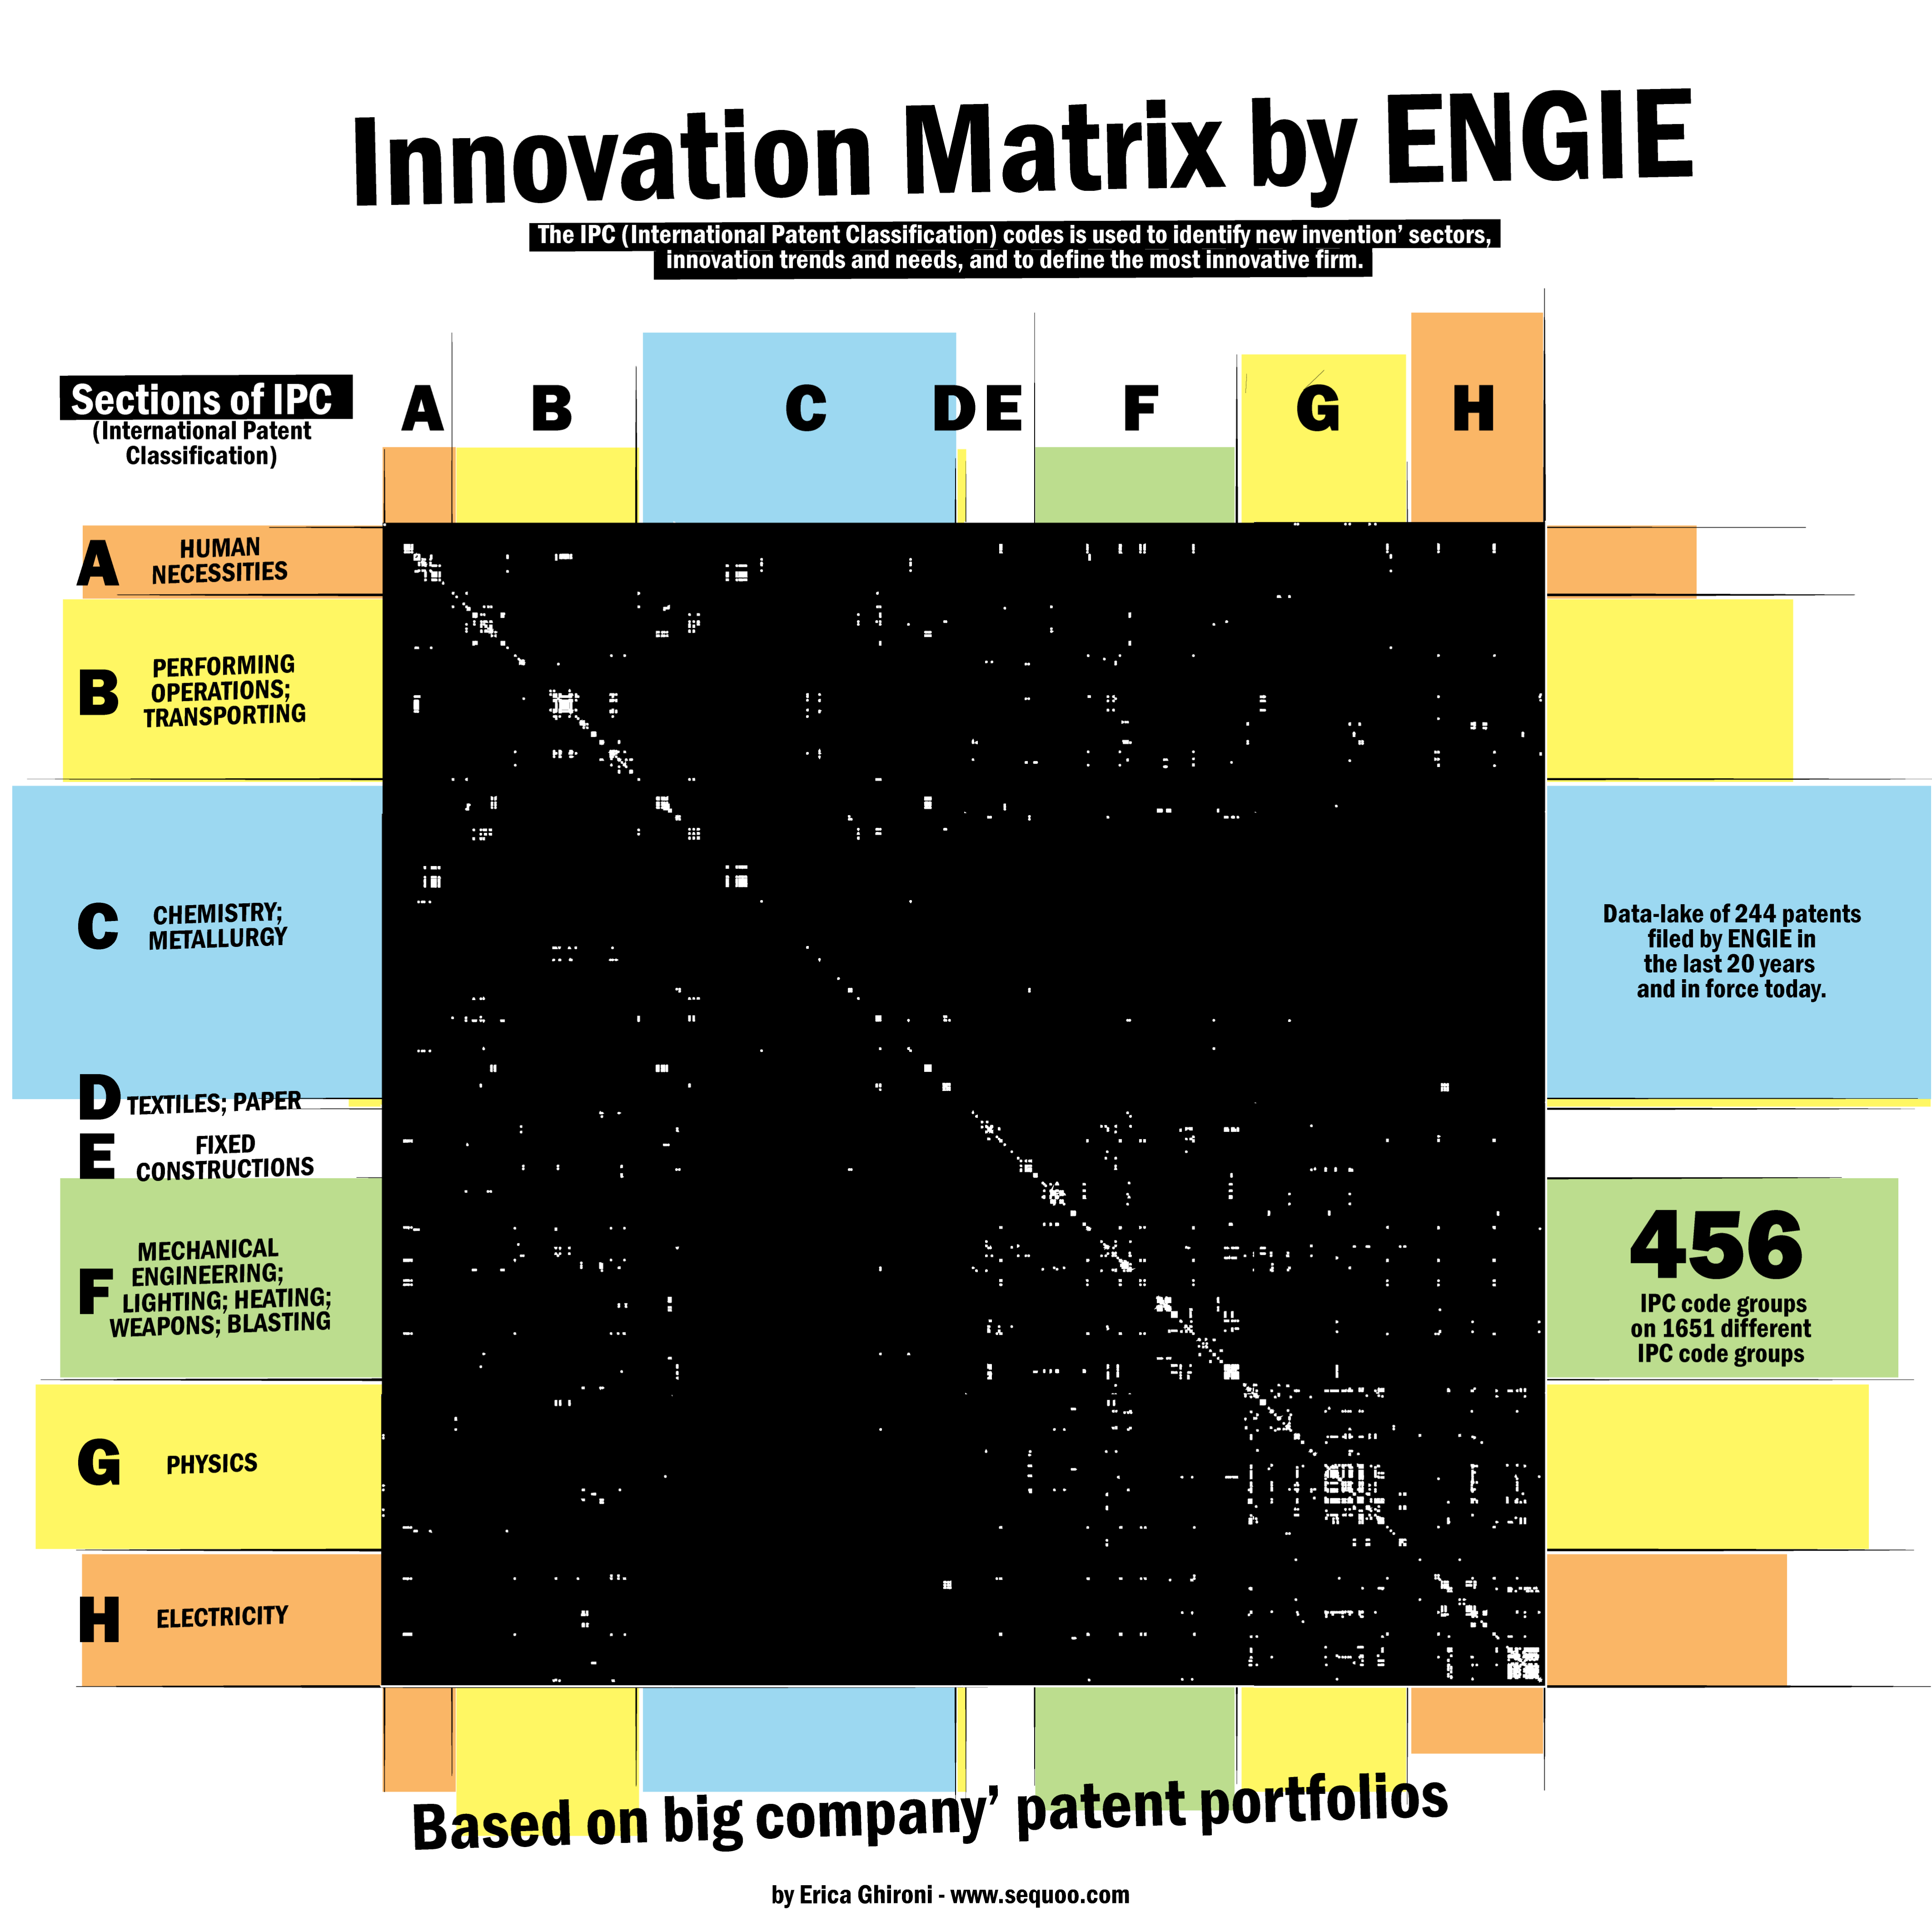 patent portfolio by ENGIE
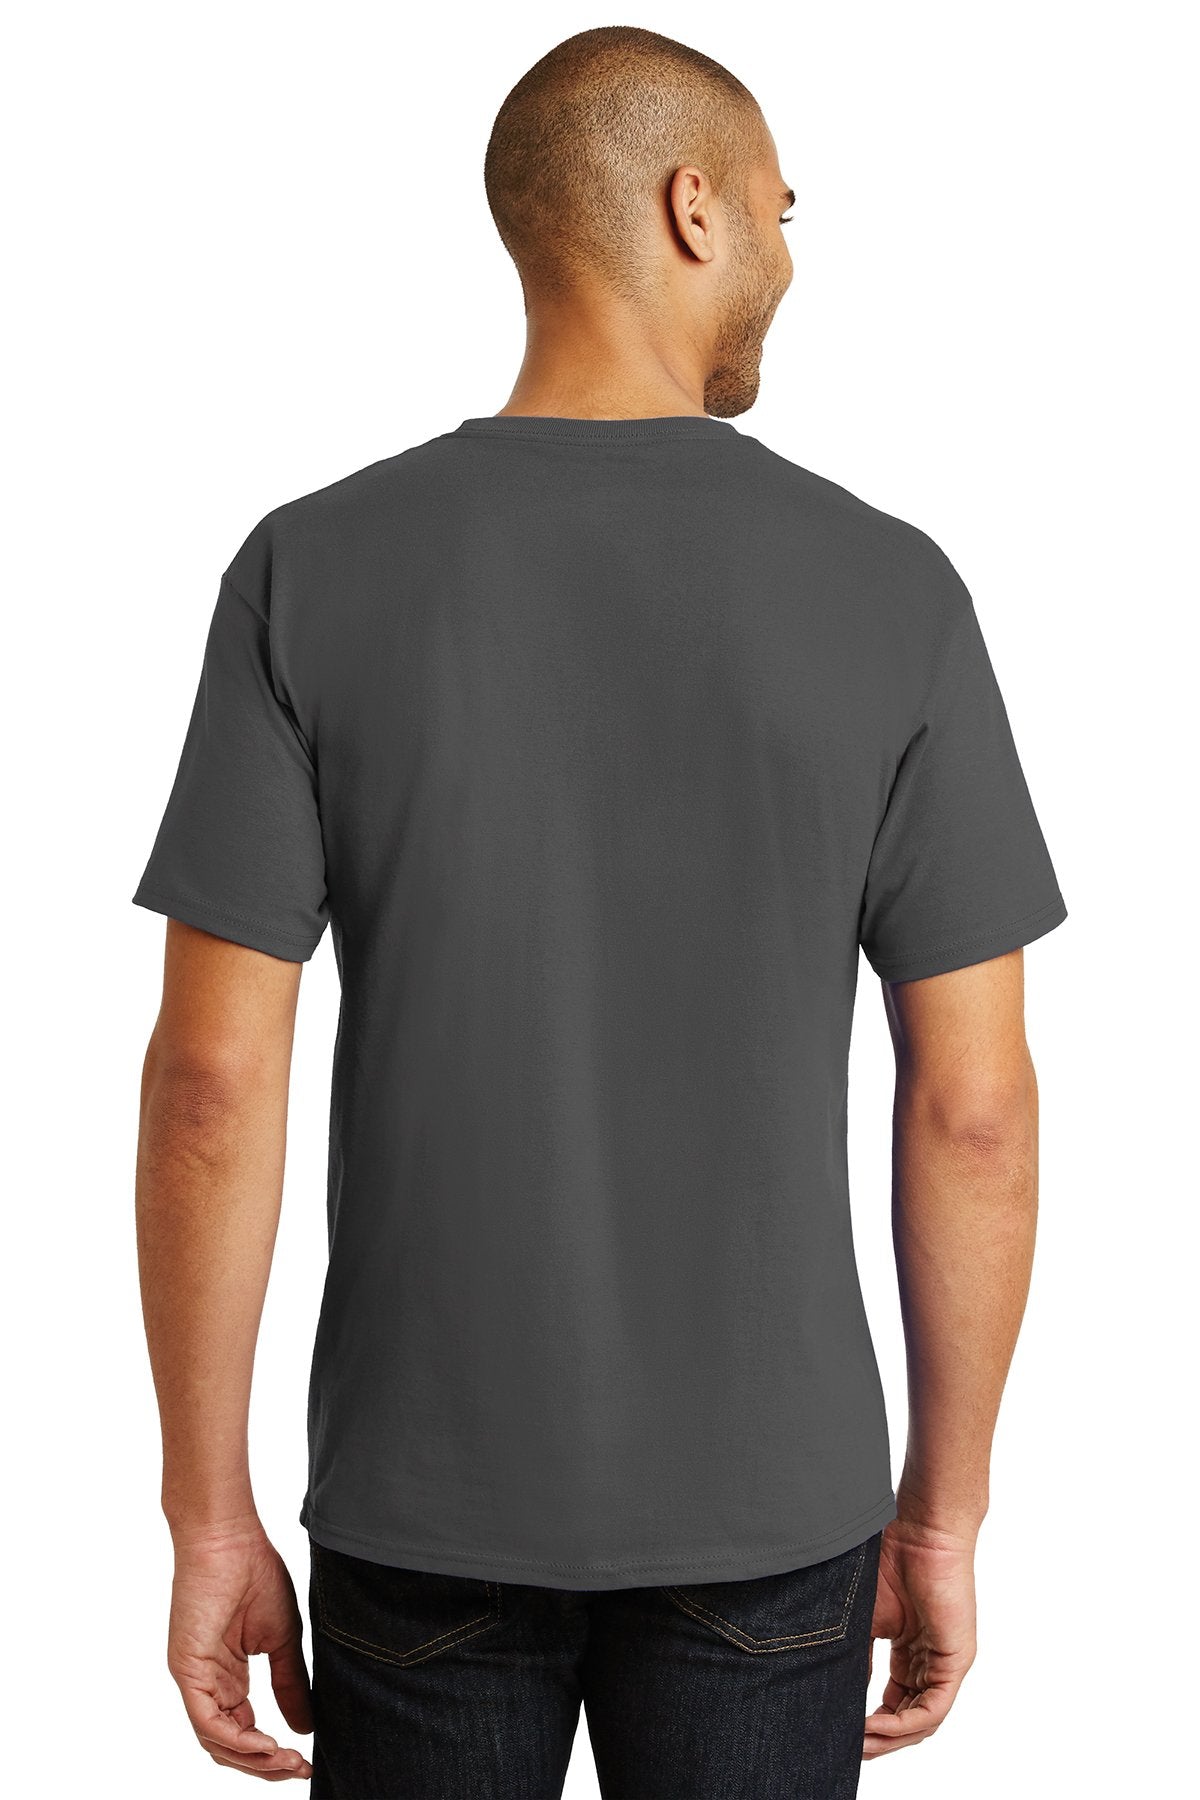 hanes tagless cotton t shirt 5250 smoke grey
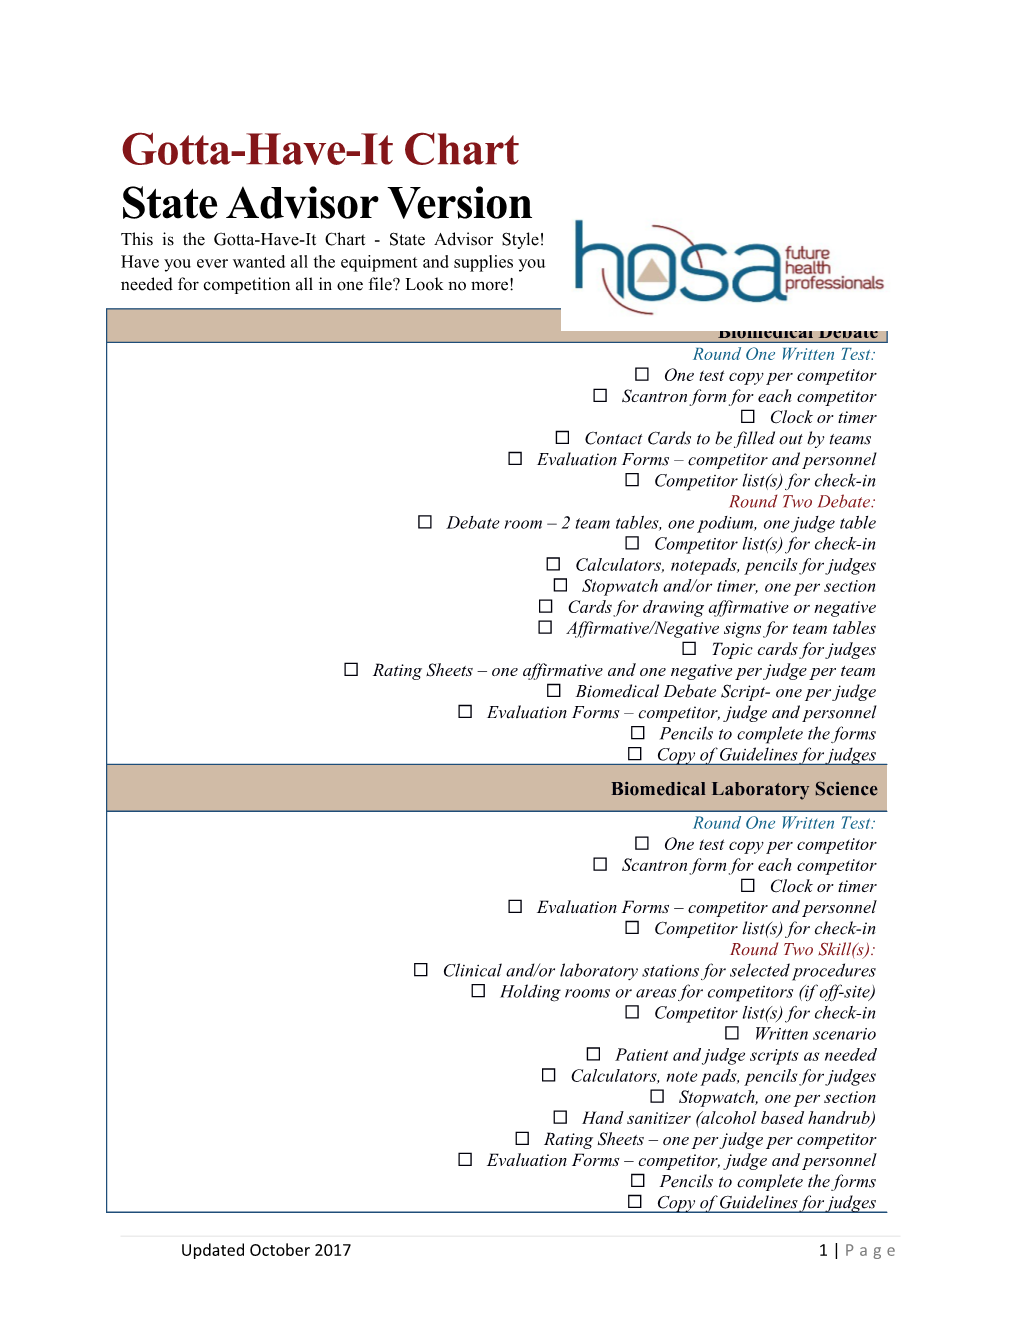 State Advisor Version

• [Activity]: Exactly the lines from the one with "hanes tagless cotton t shirt 5250 smoke grey" to the last line of the listing are wanted, both ends included and pictures excluded.

• [Result]:
 hanes tagless cotton t shirt 5250 smoke grey
 State Advisor Version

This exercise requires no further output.